NEW YORK (Reuters) - U.S. airline stocks tumbled again on Wednesday on renewed fears of a drop-off in air travel spurred by reports that a second Texas nurse had contracted the deadly Ebola virus and traveled on a U.S. airline flight.
Shares of United Continental Holdings Inc UAL.N were down 7.1 percent $40.12 in mid-day trading on the New York Stock Exchange. Airlines American Airlines Group AAL.O shares were down 6.25 percent at $29.54. Delta Air Lines Inc DAL.N shares were down 4.5 percent at $31.30. JetBlue Airways Corp JBLU.O was down 3.8 percent at $9.84.
The shares also fell sharply on Monday on similar concerns about the potential spread of the disease from West Africa. The first person diagnosed with Ebola in the United States, Thomas Eric Duncan, died at a Dallas hospital on Oct. 8. A nurse who cared for Duncan was diagnosed with the disease on Sunday.
On Wednesday, a second nurse involved in Duncan’s care tested positive for the disease and had traveled by air the day before she reported symptoms.
The worker at Texas Health Presbyterian Hospital in Dallas took a Frontier Airlines flight from Cleveland, Ohio, to Dallas/Fort Worth International Airport on Monday, U.S health and airline officials said. Frontier, based in Denver, was acquired from Republic Airways Holdings RJET.O last year by private equity firm Indigo Partners LLC.

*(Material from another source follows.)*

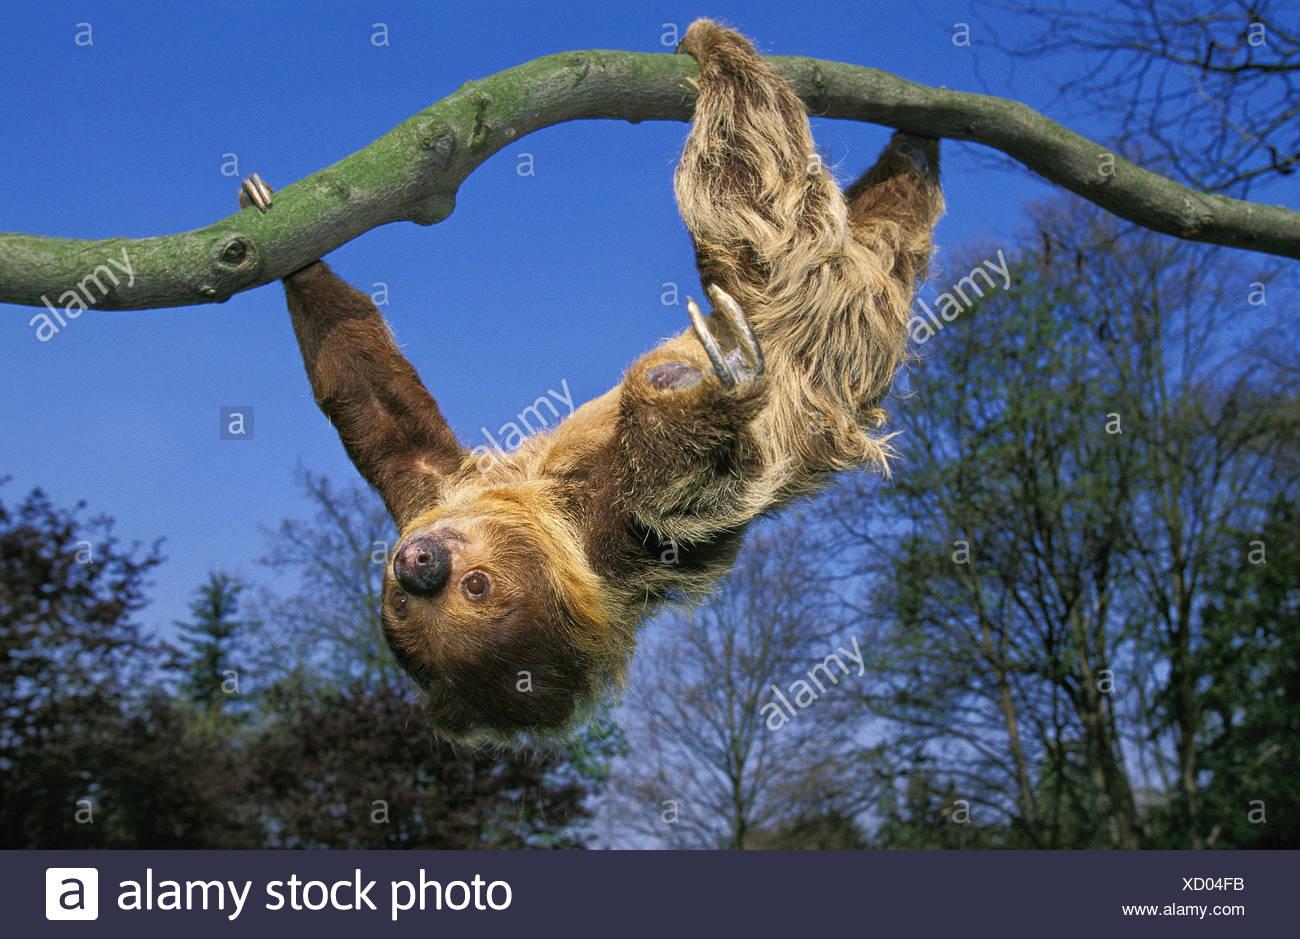 2 finger sloth,Choloepus didactylus,adult animal,hang,branch, - Stock Image

Holiday travel data through Oct. 5 show bookings are on par with last year, UBS analyst Darryl Genovesi. He and other analysts said U.S. airline shares could make gains in the fourth quarter, helped by lower fuel prices.
Some said holiday travel was likely to remain solid, despite disease concerns. “In the fourth quarter, people generally go home for Christmas,” said Helane Becker, an analyst at Cowen and Co.
“I really doubt that Ebola is a threat to airline earnings in the fourth quarter,” said Michael Derchin, an analyst at CRT Capital Group. With jet fuel prices lower than in the third quarter, he said, “I would be shocked if earnings were not a lot higher. I would be very surprised if there was any meaningful impact on air travel from Ebola.”
But bookings could fall if Ebola fears mount. “It is certainly possible that demand has deteriorated over the past 10 days,” Genovesi said.